Texas Vacation: Day 8 – Riverwalk
I’m sitting above the Riverwalk in San Antonio, sipping a Frappucino, watching a small flock of pigeons gathering at my wife’s feet and staring up at her muffin. These are Texas pigeons, which means they’re about two times the size of normal pigeons, and that they’re staunch supporters of George W Bush.
Actually, the easy generalizations don’t apply down here; they never do, but in this case they seem to apply even less than usual. There is a President George Bush Turnpike that I’ve been forced to drive down on several occasions, as well as large pro-life billboards littering the route down from Dallas to San Antonio, and stuff like that — but none of the in-your-face, bright red conservatism I was expecting to encounter.

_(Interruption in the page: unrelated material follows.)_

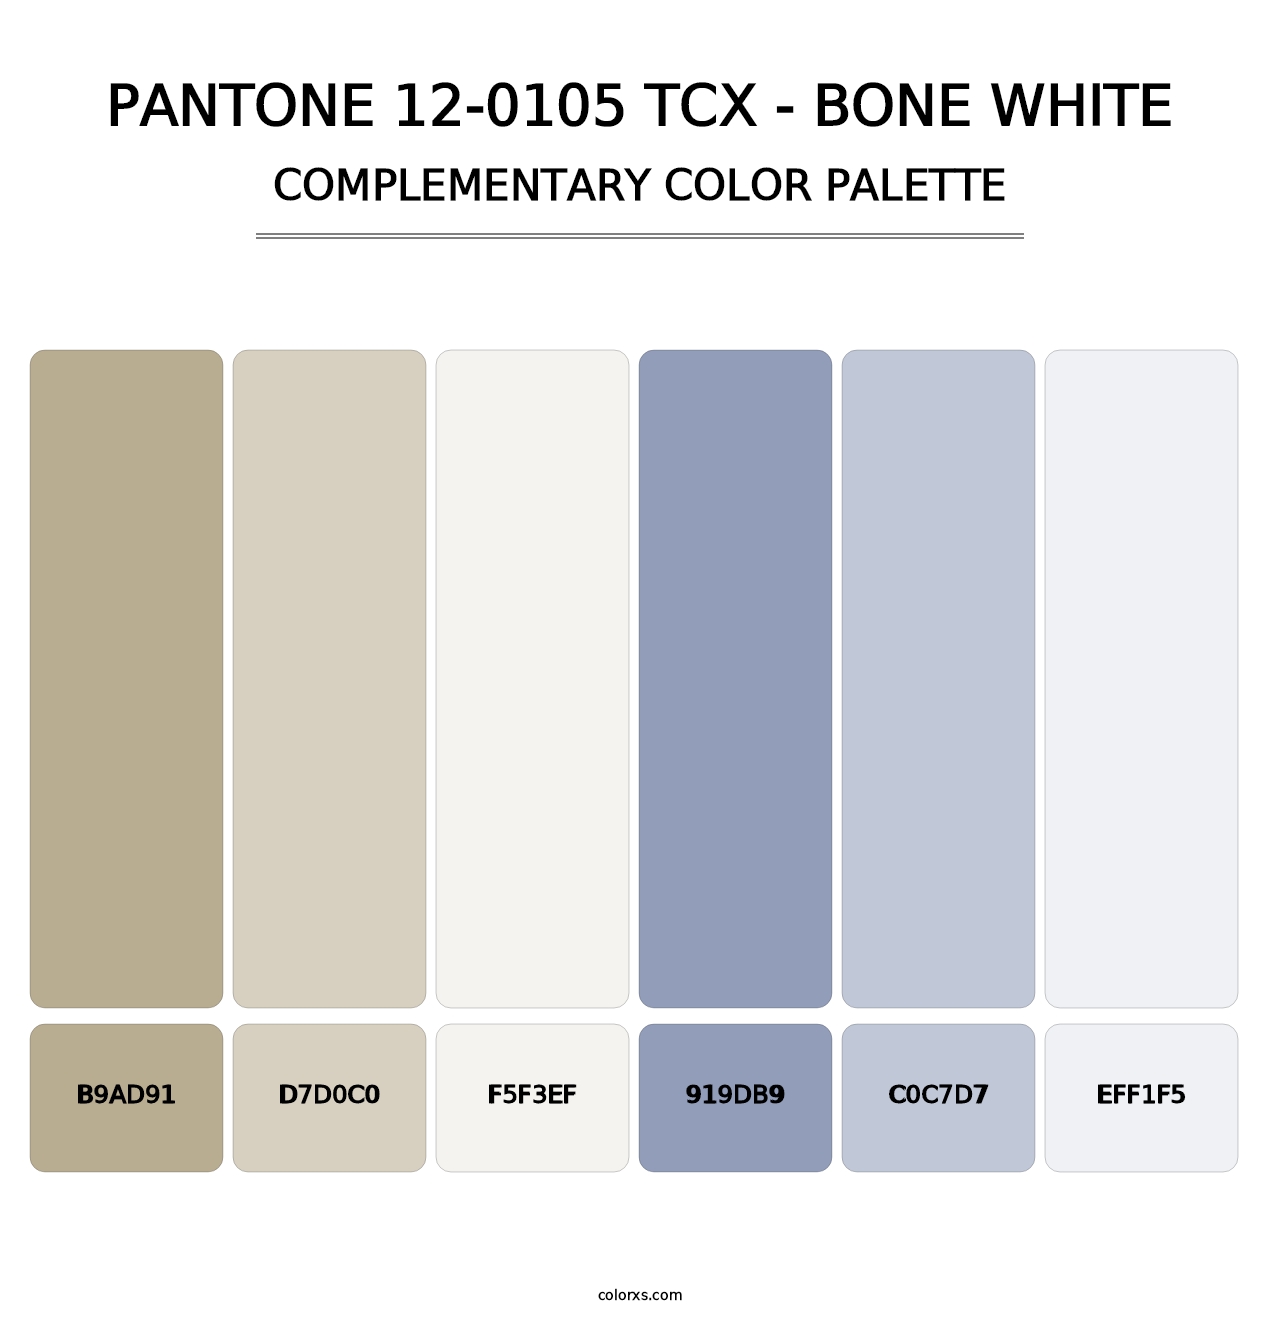 PANTONE 12-0105 TCX - Bone White - Complementary Color Palette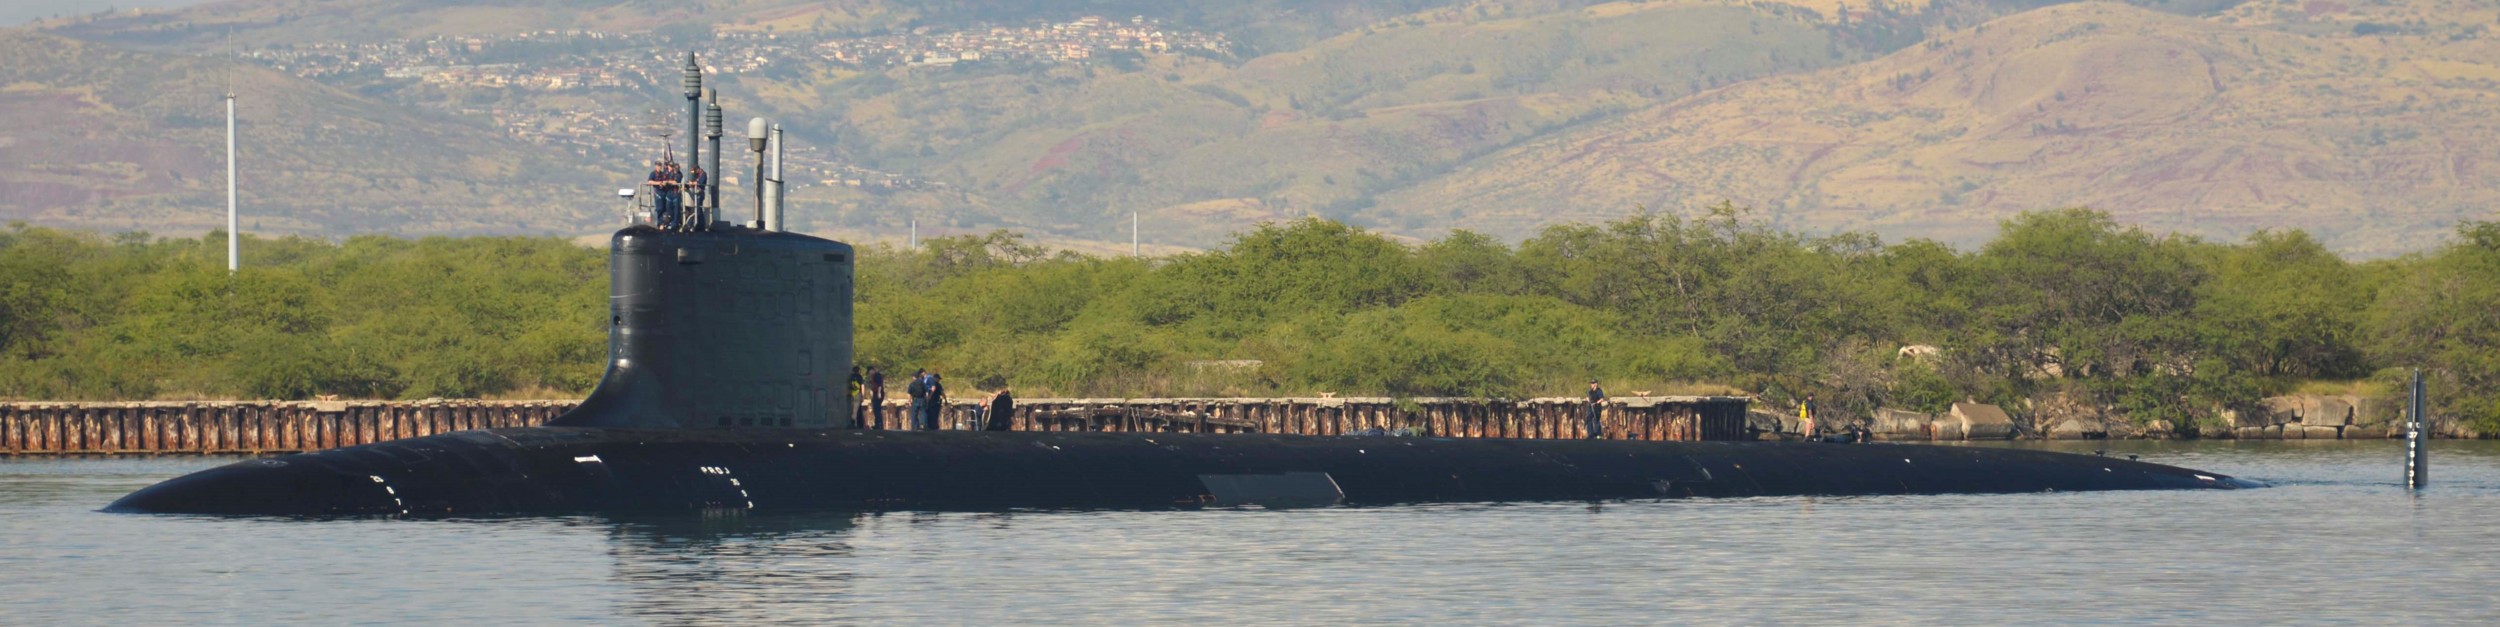 ssn-777 uss north carolina virginia class attack submarine us navy 2015 05 joint base pearl harbor hickam hawaii

In fact, if there is any lesson to be drawn from a vacation that has consisted chiefly of lounging, chatting, eating, and laughing, it’s this: politics are a blight on the soul, and have nothing important to contribute to your life. I used to think that politics were your innermost beliefs made manifest, but I was wrong. They’re informed by your beliefs, but they don’t really represent them, at least not for long; they’re too tainted by cynicism and corruption and the ambient shrillness of the chatterati to represent much of anything at all. What they can do, however, is serve as a kind of malign feedback mechanism that soils your actual opinions with dogmatism and bile. There’s no agreeing to disagree in this charged climate; you stake a position and cling to it as if your life depended on it, swatting down rational discussions and reasoned counter-arguments like some sort of ideological king kong, clutching the Faye Wray of your true beliefs in …
Ug. Ok. That’s enough of that. The point is, no political discussions have occurred during this past week, and I barely got worked up about any of W’s latest outrages. Which was nice.